The Consequences of Israel and Egypt’s Alliance of Convenience Against ISIS

The Consequences of Israel and Egypt’s Alliance of Convenience Against ISIS
A burned truck outside al-Rawdah mosque a day after a terrorist attack killed hundreds of worshipers, northern Sinai, Egypt, Nov. 25, 2017 (AP photo by Tarek Samy).

Egypt and Israel have a shared interest in the defeat of the self-proclaimed Islamic State’s Egyptian affiliate. But when that offshoot—which calls itself Wilayat Sinai, or Sinai Province—is snuffed out, what happens next in Egypt’s restive Sinai Peninsula is unclear, and the interests of these allies of convenience begin to diverge.
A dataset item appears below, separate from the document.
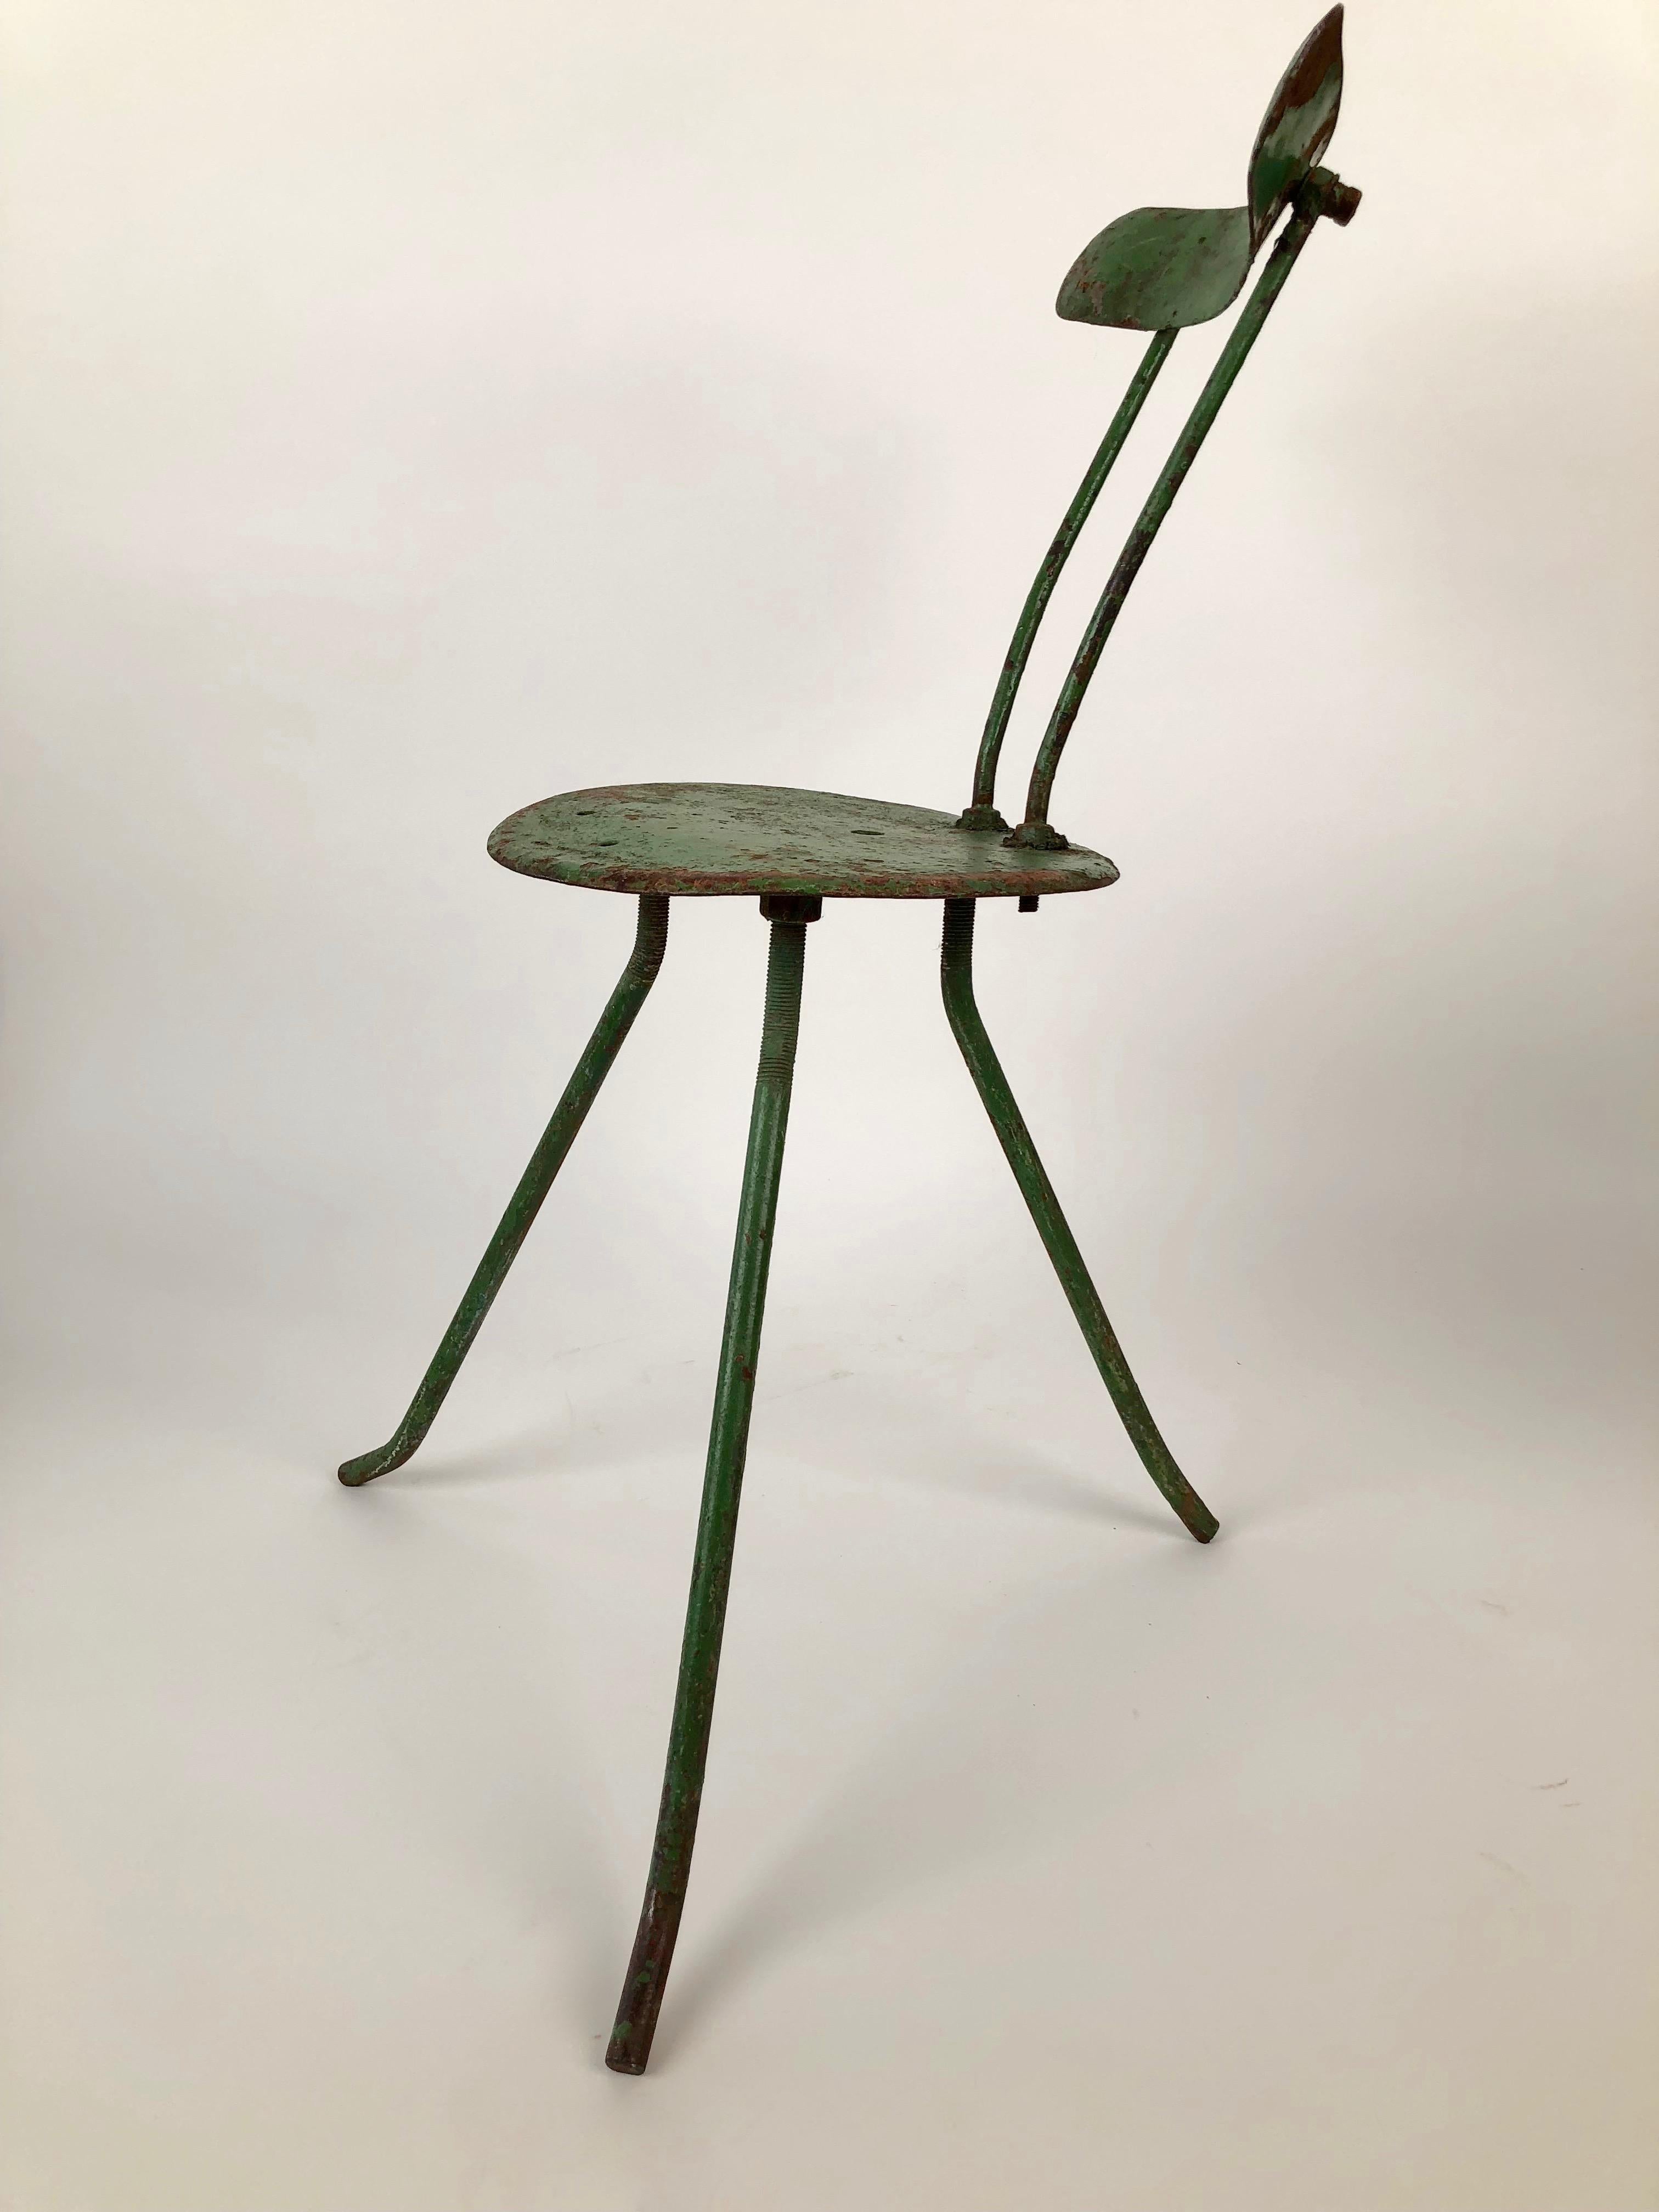 Pair of Handmade Metal Chairs, 1950s, from the Balaton Lake Region, Hungary For Sale 5

Since 2011, jihadi militants in Egypt’s North Sinai governorate, who declared their allegiance to the Islamic State in November 2014, have threatened the security of both Egypt and Israel. Before joining the Islamic State, one of the jihadis’ goals was driving a wedge between the two neighboring states. Through attacks on a gas pipeline, they forced the severance of an economic relationship. With a 2011 cross-border raid into southern Israel, they pushed diplomatic relations to the breaking point.

Sinai’s militants turned their fire on Egyptian targets in 2013, but the increased capabilities that came with Islamic State affiliation worried Israel and the broader international community. In 2015, Wilayat Sinai laid siege to the North Sinai city of Sheikh Zuweid, targeted international peacekeepers, fired on an Egyptian vessel in the Mediterranean with an anti-tank missile, and downed a plane full of Russian tourists over the Sinai with an explosive device hidden in a soda can.